Assignment: The reply should consist solely of the lines from the one with "SITECOM USB-C to USB Adapter CN-370" through the final line of the listing, copied exactly, with no pictures.

Data extract:
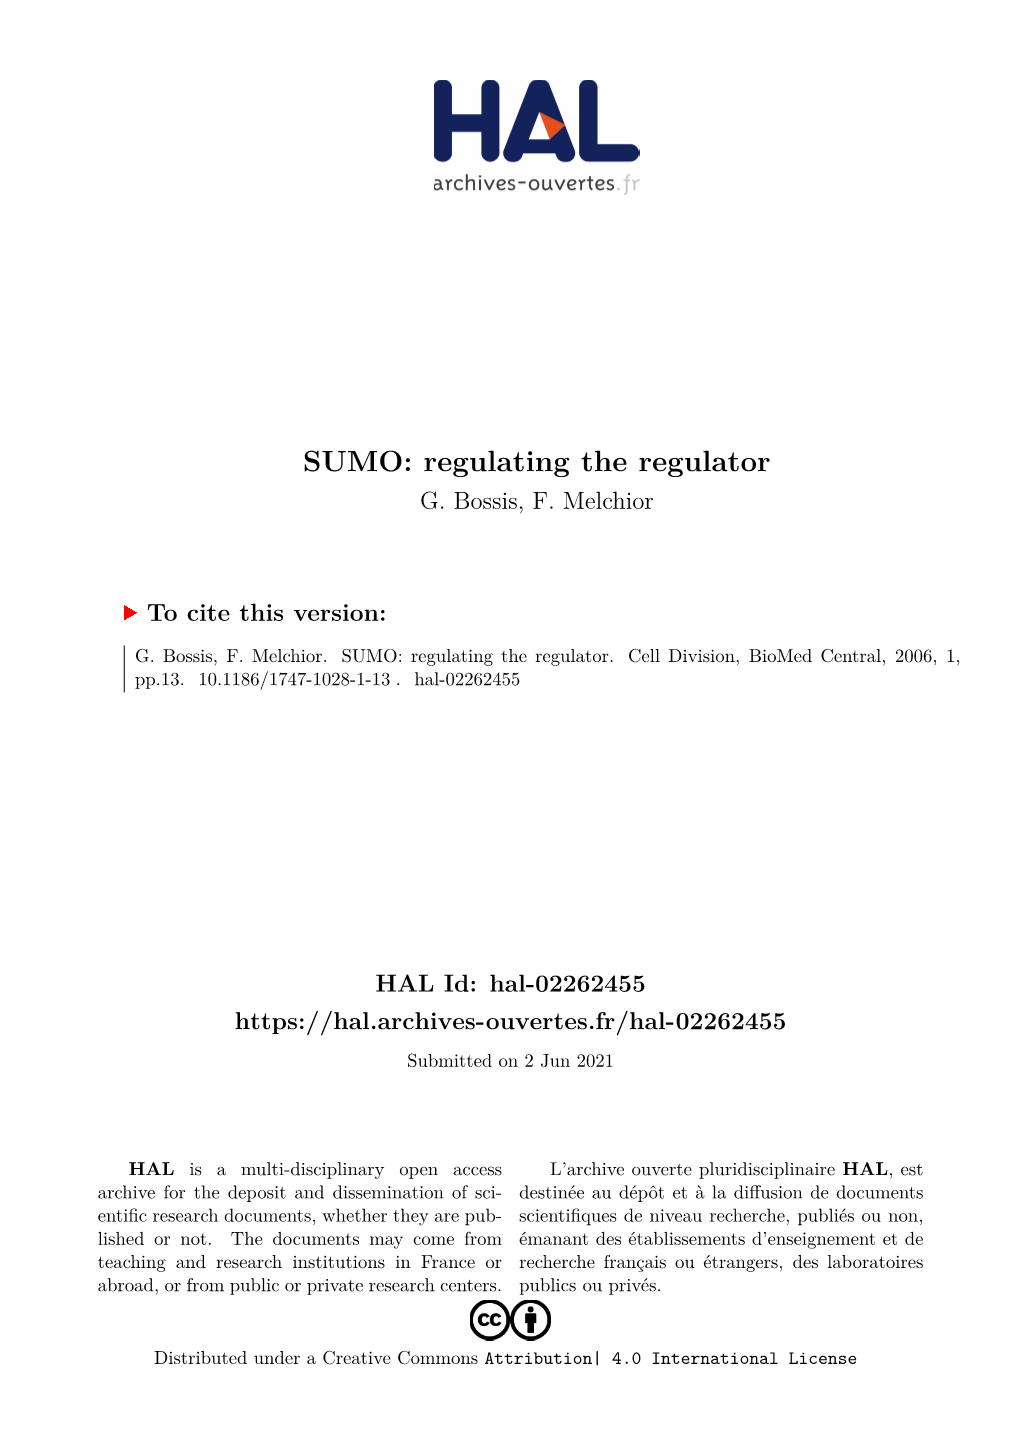 SUMO: Regulating the Regulator G
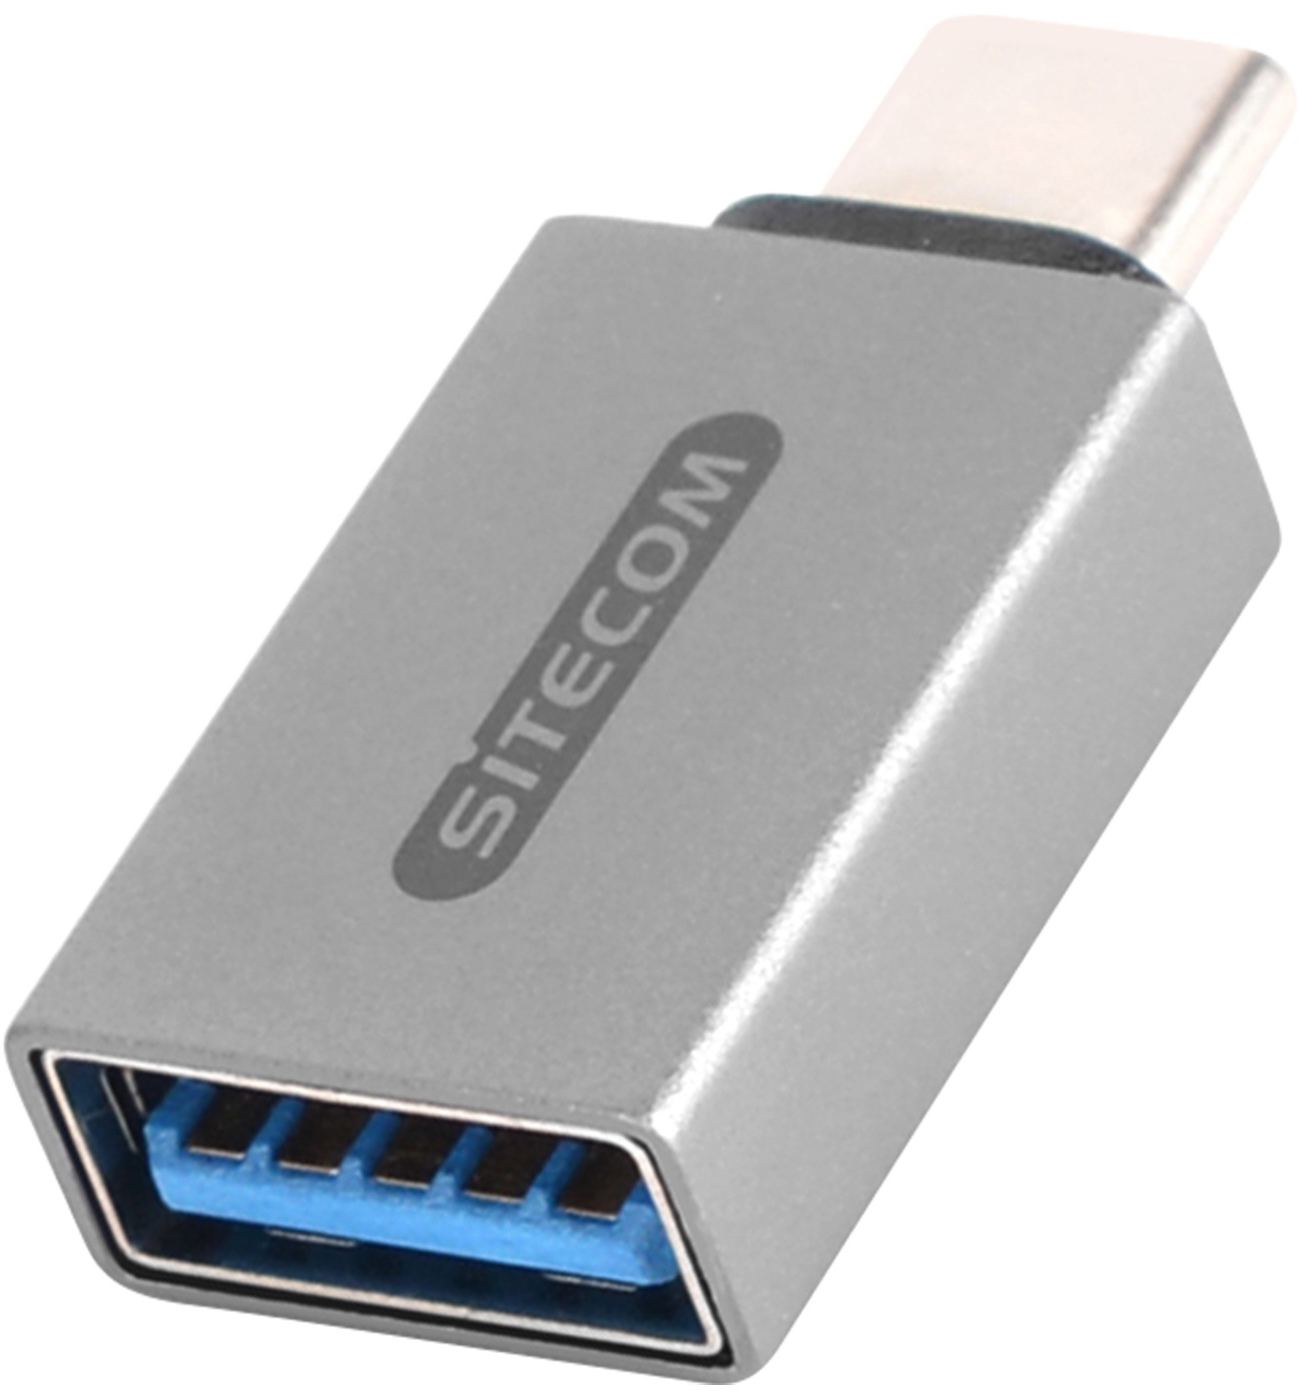 SITECOM USB-C to USB Adapter CN-370
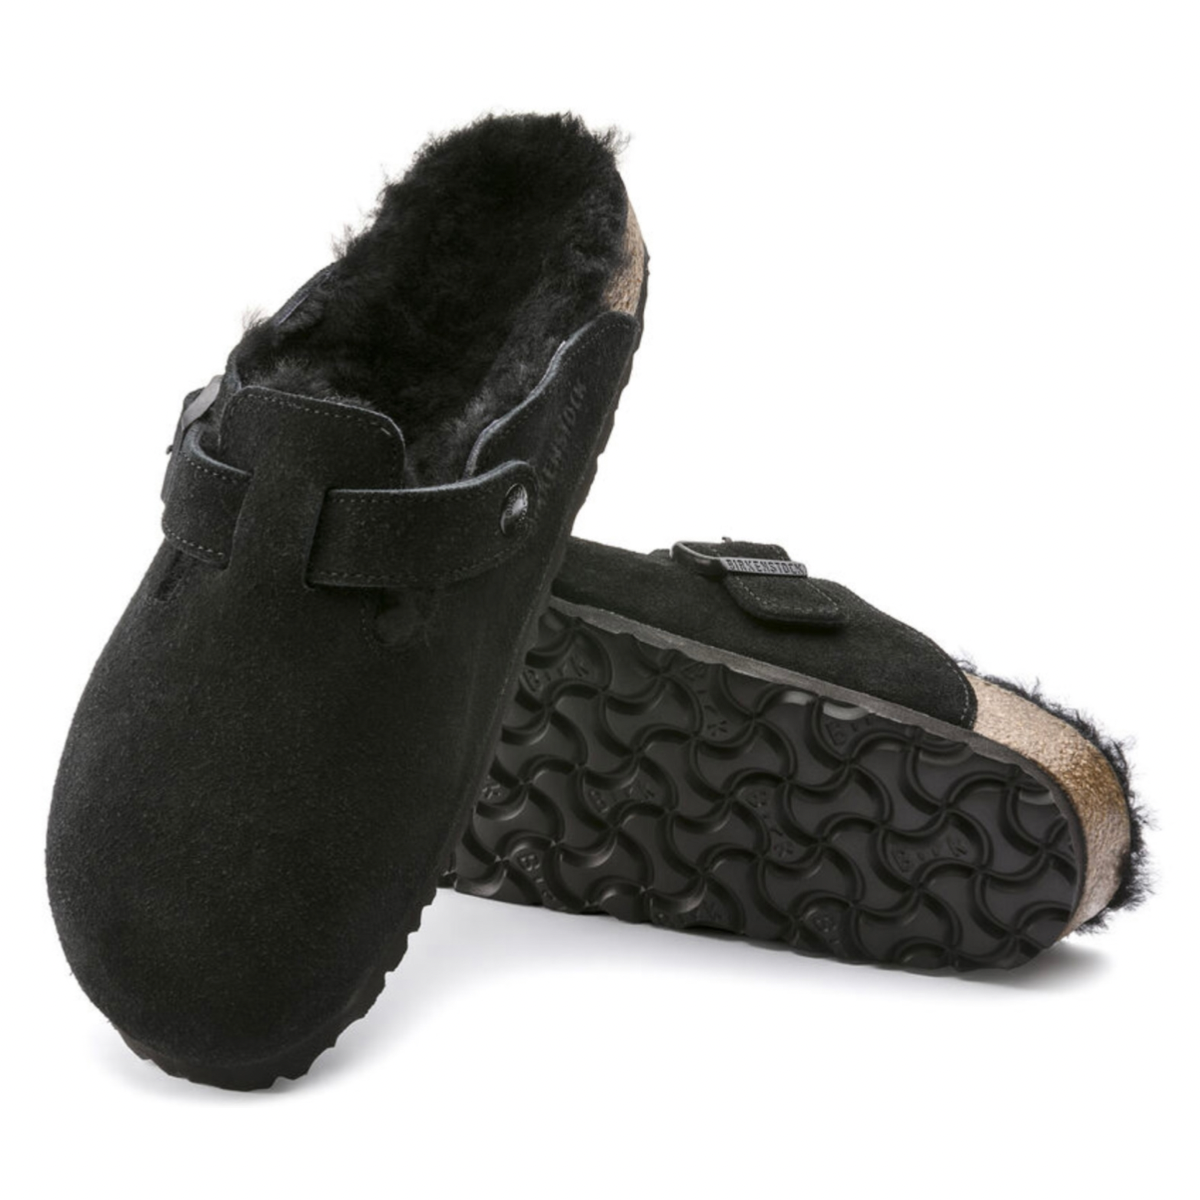 Boston Shearling - shoe&me - Birkenstock - Clog - Clogs, Slippers, Unisex, Winter

Response box:
 SITECOM USB-C to USB Adapter CN-370
 Boston Shearling - shoe&me - Birkenstock - Clog - Clogs, Slippers, Unisex, Winter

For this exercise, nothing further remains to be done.